Best Canon Lens For Landscape – Comparison Table

Best Canon Lens For Landscape – Reviews

Our Pick
Sigma 18-35mm F1.8 Art DC HSM Lens for Canon, Black (210101)
Our rating:

Yes, absolutely, that’s a Sigma lens at the top of a list of the best Canon lenses for landscape photography.

No, absolutely, we don’t care, and neither should you.

Add the Sigma 18-35mm f/1.8 Art DC HSM lens onto your Canon camera and what you do is turn Clark Kent into Superman. Tony Stark into Iron Man. Diana Prince into Wonder Woman.

It’s the add-on your Canon’s been crying out for if it has secret mechanical ambitions to take magnificent landscape shots.

Get over the Sigma-ness of it all, and we’ll tell you why.

Let’s talk apertures for a minute.

The Sigma f/1.8 is not a misprint. It’s not supposed to be an f/2.8.

Think about what that means.

It means it’s 1.3 stops wider than its nearest competitor. That means more or less twice the light reaches the camera sensor when pitted against its competitor lenses.

We’re not sure how you were raised, but where we come from, something that does a thing twice over doesn’t compete with something that does the same thing once. That’s not a competition. That’s a rout.

The f/1.8 maximum aperture is available over the entire focal length range too, and there’s no disguising the fact that it’s almost unfathomably good.
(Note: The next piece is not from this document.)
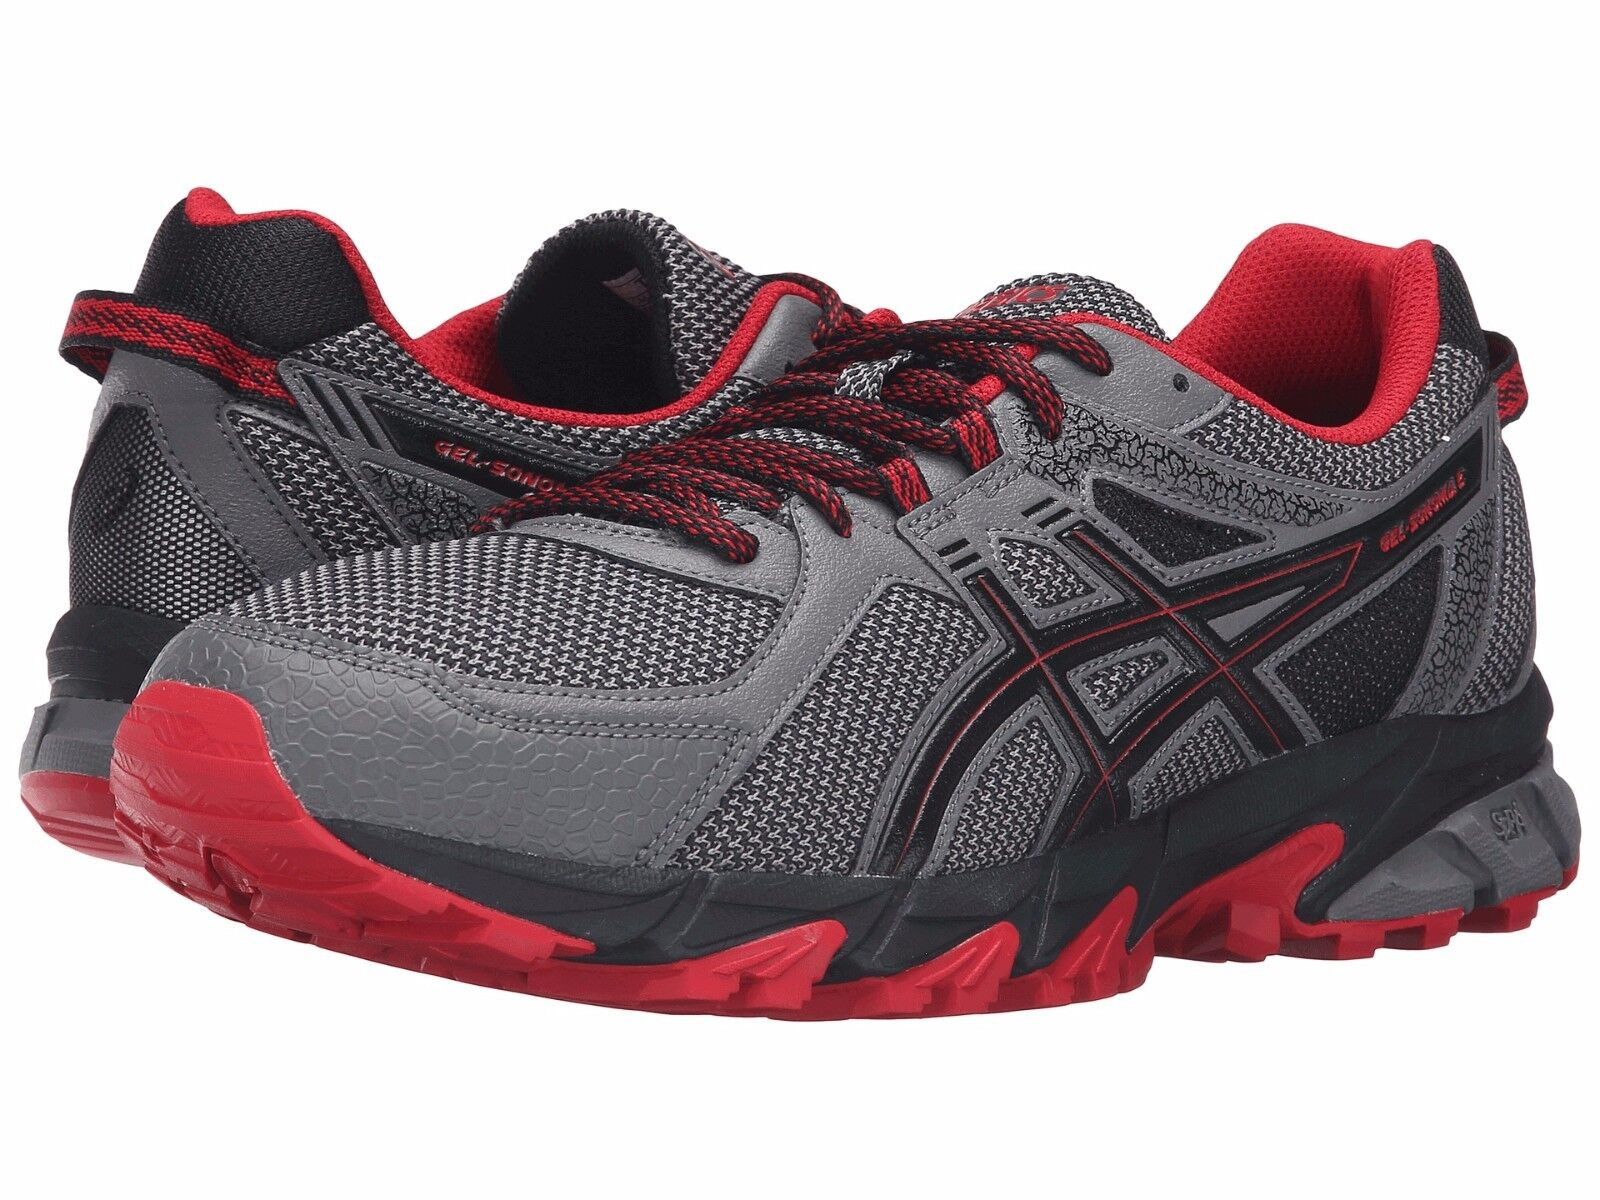 NIB Men's Asics Gel Sonoma 2 Trail shoes Venture Carbon Red 412 610 Choose Size
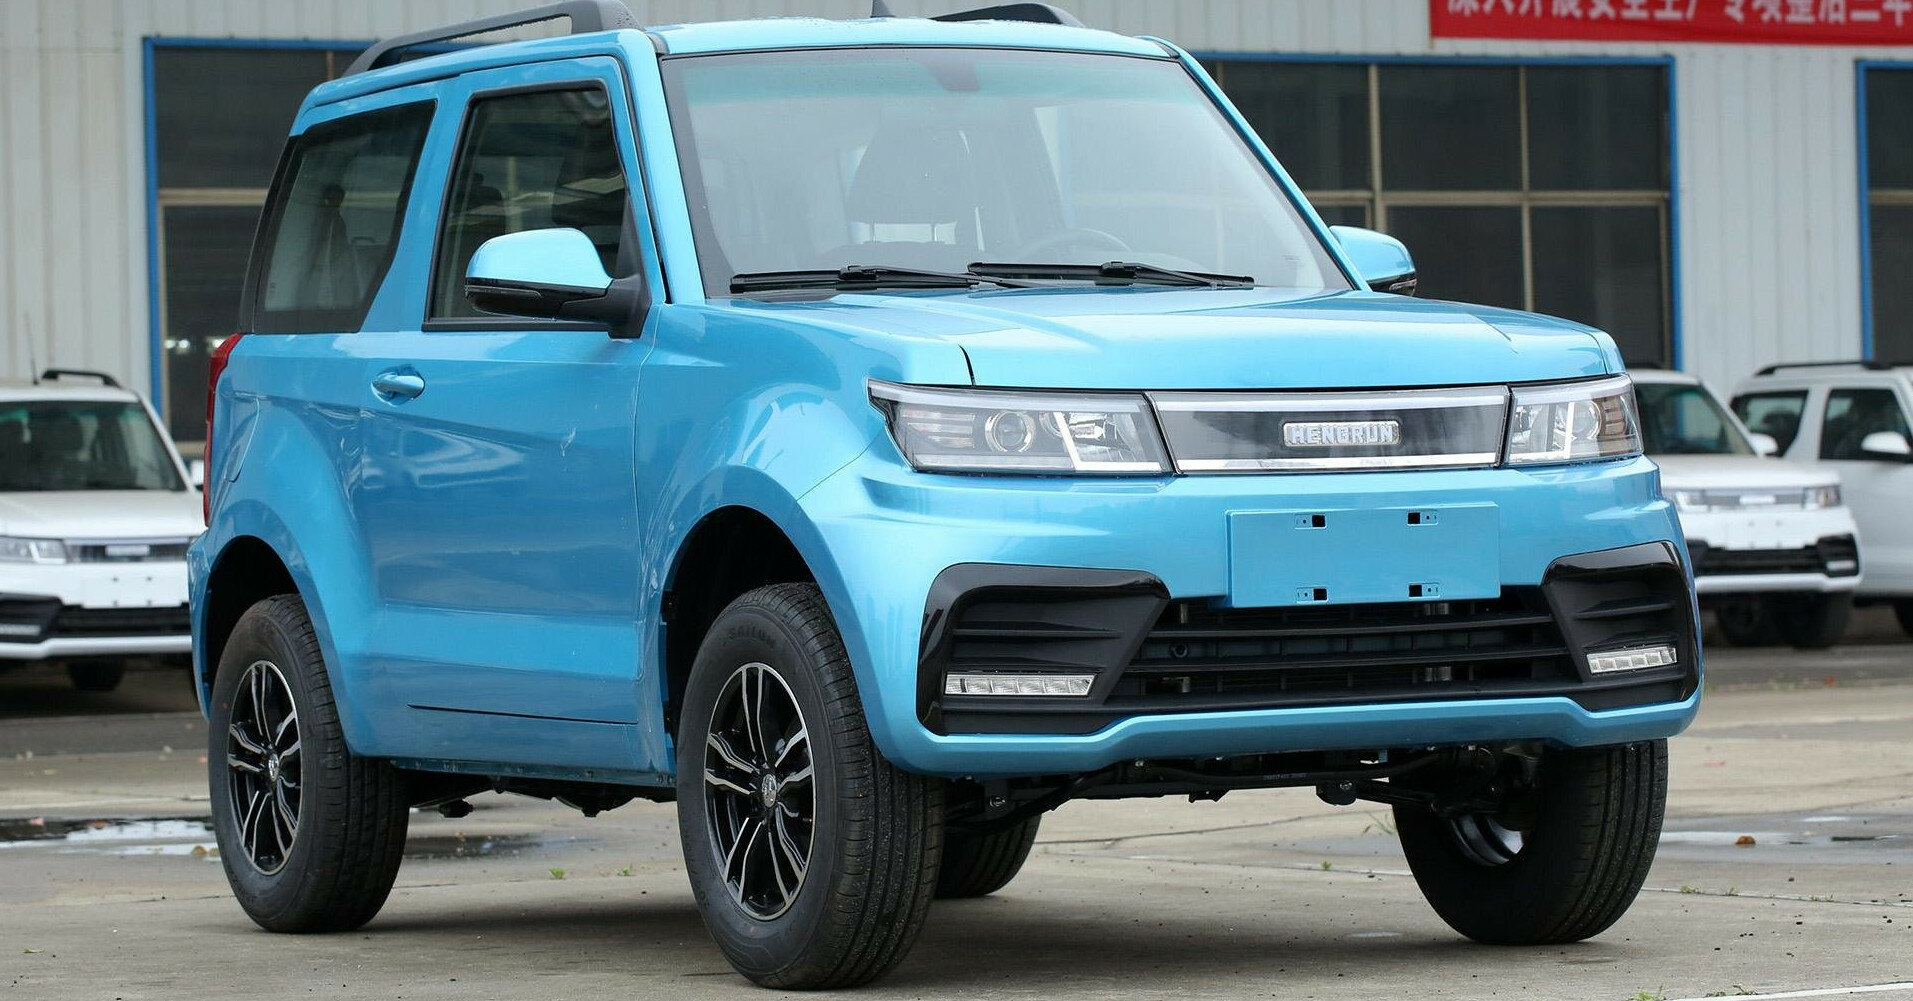 Китайцы показали дешевую альтернативу Suzuki Jimny

Add that to a lens that looks good, and comes in a reasonably portable handful, and what you have is a lens that will not be ignored at any price.

Can you make a case that its relatively narrow focal length terminally hampers the Sigma lens? You can, certainly, and there’s at least enough meat in the argument for it to be taken seriously.

But when you look at what the lens can do in low light environments thanks to that groundbreaking f/1.8 aperture, the argument begins to sound a little hollow and overly fussy.

Why is the lens especially suited for landscape shots? Apart from the aperture and its light-sucking consequences, the 18-35mm is short on the long end and long on the wide.

That and the aperture size means you can get a particularly appealing result very easily – picking out an object or an area, and blurring some of the background.

That makes sense to the human eye and mind, because focusing on an object amid a broad, blurred background is how our eyes work.

The f/1.8 aperture blurs more of the background and sharpens the object more than the f/2.8 you might be used to.

Result? Immensely satisfying landscape shots that instinctively make sense and make us smile.

That’s why a Sigma lens for Canon cameras makes it to the top of our list of best Canon lenses for landscape photography.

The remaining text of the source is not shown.